Question

There are 8 people interested in serving on a selection committee for a new faculty member. The Dean will select 3 to serve. How many ways might she select the three member team?

Answer 1

There are 8 people to choose from for the first person. The second person, there will be 7 different people left, and for the last person, only 6 people. The order that you choose them does not matter. The answer is 8*7*6. If you imagine the people as a,b,c,d,e,f,g, and h, think about the choices you have left. If you choose person a first, there are 7 different combinations for choosing the second person. a,b; a,c; a,d; a,e; a,f; a,g; a,h.
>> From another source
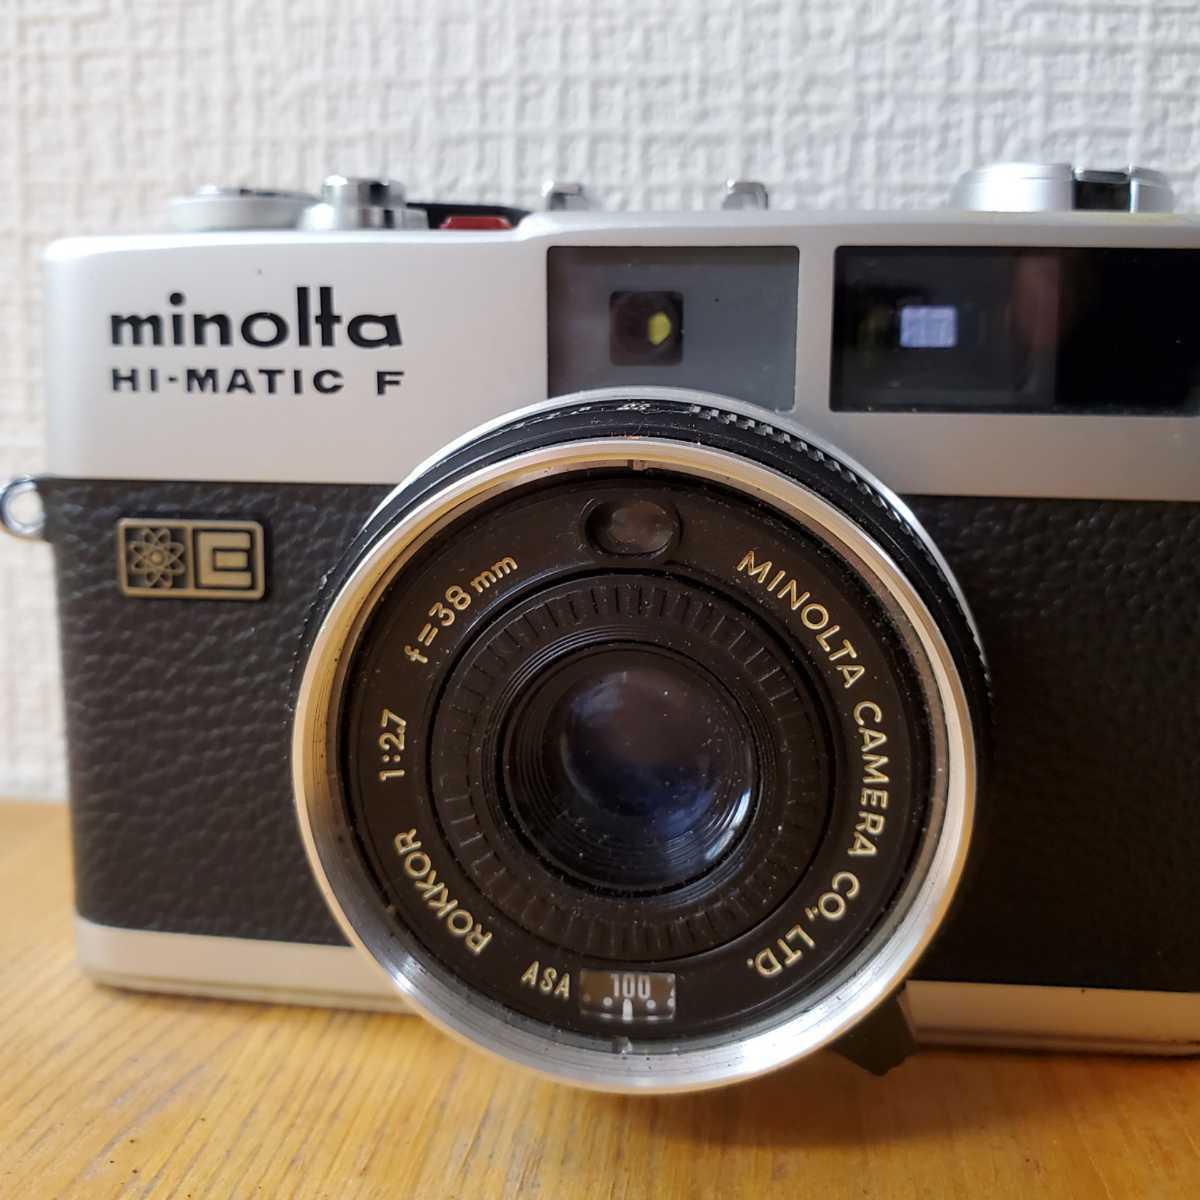 MINOLTA ミノルタ HI-MATIC F カメラ ROKKOR F=38mm 1:2.7_画像2

So there are 8*7 combinations for the first two people. Then choosing the last, there are only 6 available to chose from.

Answer 2

thank you!!!

Answer 3

how many four letter combinations of math can you make if you use each letter only once?
would 4*3*2*1 be my answer?

Answer 4

Is each letter chosen from the set of 26?

Answer 5

no, just from the word MATH

Answer 6

So that is a permutation (not combination) because order counts.
Yes, in the first position there are four choices, then three, then two, then one, which makes 4! permutations.

Answer 7

okay, thanks again for the help !

Answer 8

In the previous problem, order does not matter, so for three members in the committee, we have overcounted 3! times (ABC,ACB,BAC,BCA,CAB,CBA), so the result of 8*7*6 must be divided by 3*2*1 to get the numbers of ways to choose the committee.

Answer 9

so our answer is actually 8*7*6/(3*2*1) ?

Answer 10

yes, mathmate is correct, I left out that very important part! sorry. Since each combination of three people has six different permutations, you have to divide the entire thing by six.

Answer 11

okay thanks for the clarification!!